Life goes here. Literally, I put it up here daily, in color and black and white. But, it’s been a few days since I have blogged and I feel guilty. Guilty because I have enjoyed writing, and I think a couple of you have enjoyed reading what I write. So, I’m sorry. I want to explain why, but it’s difficult. I think my strength lies in my photos doing most of the talking. And recently, I just haven’t found anything interesting to photograph. Actually, I did see something Thursday. It was a  busted light under a motel six sign. Yeah I know! “We’ll leave the light on.” I grabbed my portable camera…the battery was dead. I tried with my iphone, but I couldn’t get the light to show clear. So I’ve got nothing. Friday I went out and everything seemed grey. I don’t know if I’m depressed (I am) or if I’m loosing my ability to see colors(doubtful), but as nice as the weather was, it was a damn grey day. So I got nothing. I’m gonna take my good camera and walk around the neighborhood today. Who knows, maybe I’ll find some inspiration.

The Lie

March 10, 2011

I realized last night as I was walking into CVS that I’m a liar. It’s not what you think though. I’m an honest man, but there’s one section of society that forces me to lie.


Allegedly homeless, jobless people who stand at the corner of intersections and outside of 711 and CVS asking me if I can spare some change.  In my county there is someone on just about every major corner. They walk back and forth, with a sign and a cup, sometimes a cane, or a limp, or crutches, or even a wheelchair, taking advantage of people’s good will and guilt at the left turn lanes.

I used to give. The first few months after I first saw someone on a corner with a “work for food” sign maybe a decade ago. Then the phenomenon exploded. It seemed like I kept seeing the same people on the same corners everyday. Every time I went somewhere, someone wanted my money. Every night when I’d drive home from work, there they were. I just couldn’t give anymore.

I want to help my fellow man. I want positive Karma in my Karma bank, but there’s just no way to distinguish those who could really use my help from those who make a living taking money from strangers.

So here’s the lie. I always tell them I have don’t have any cash, only credit. I know I’m telling a lie, and I tell it anyway. So you’re thinking “no big deal”, right? But it is to me.

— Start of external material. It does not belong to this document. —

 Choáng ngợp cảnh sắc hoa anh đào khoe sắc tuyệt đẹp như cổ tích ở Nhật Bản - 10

I hate having to feel like I have to lie.  I suppose I could be honest and say something like “I don’t want to give you my change because I think you actually live in a better neighborhood than me and that limp you’ve got is fabricated. ” I don’t think that would go over very well, so I lie.

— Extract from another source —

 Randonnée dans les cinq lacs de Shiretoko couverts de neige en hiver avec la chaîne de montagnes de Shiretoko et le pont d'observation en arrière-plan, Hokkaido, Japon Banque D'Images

I sometimes think that if there is a god, and if he wanted to test people, sitting in a wheelchair outside of CVS at 9pm asking for change might be a good way to do it. I hope he understands my predicament.

Here are some of the regulars in a 2 mile radius in Wheaton. It took me less than 15min to find and photograph them.

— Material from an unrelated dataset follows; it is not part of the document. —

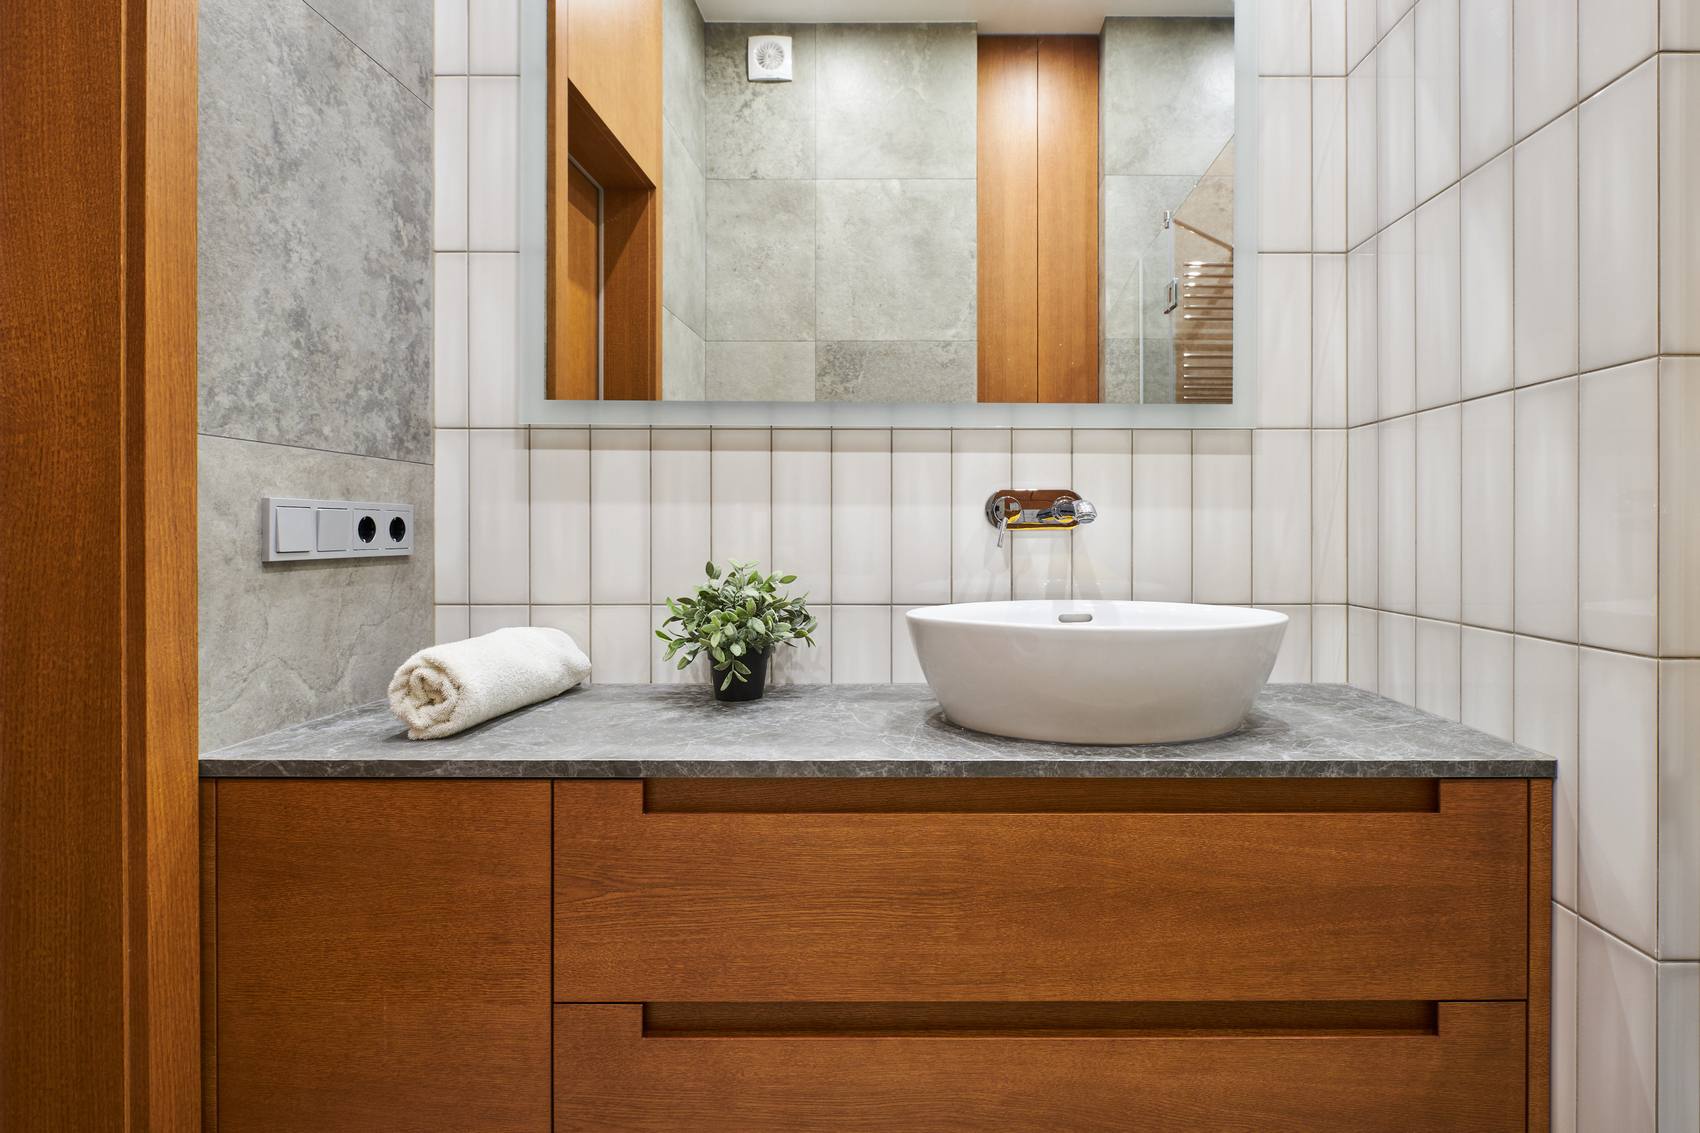 Gạch ốp tường phòng tắm được chia thành 2 mảng, một bên sử dụng gạch xi măng màu xám tương đồng với sàn nhà, phần còn lại ốp gạch thẻ dọc màu trắng với về mặt sáng bóng.

I was on my way to my best friends house to help him load some motorcycles for Bike Week and I kept hearing a noise from the back of the car. It kinda sounded like I’d run over a cardboard box. Then I thought maybe it was the muffler dragging. I pulled over and was surprised to see I had a flat tire. I have a 12 volt pump, so I put some air in the tire and went on the last few blocks to my friends house. I used his real jack and took off the flat and put on the ridiculously tiny, training wheel sized dumb dumb spare. I can hardly believe that little tire is safe. But my good fortune doesn’t end there. Not only do I get to buy a tire (the flat had a leak in the side wall), but sometime, in the last few hours, I ripped my pants wide open. So I’m out a pair of jeans too.

I shouldn’t complain. Things could always be worse. At least it wasn’t raining, and I was wearing underwear.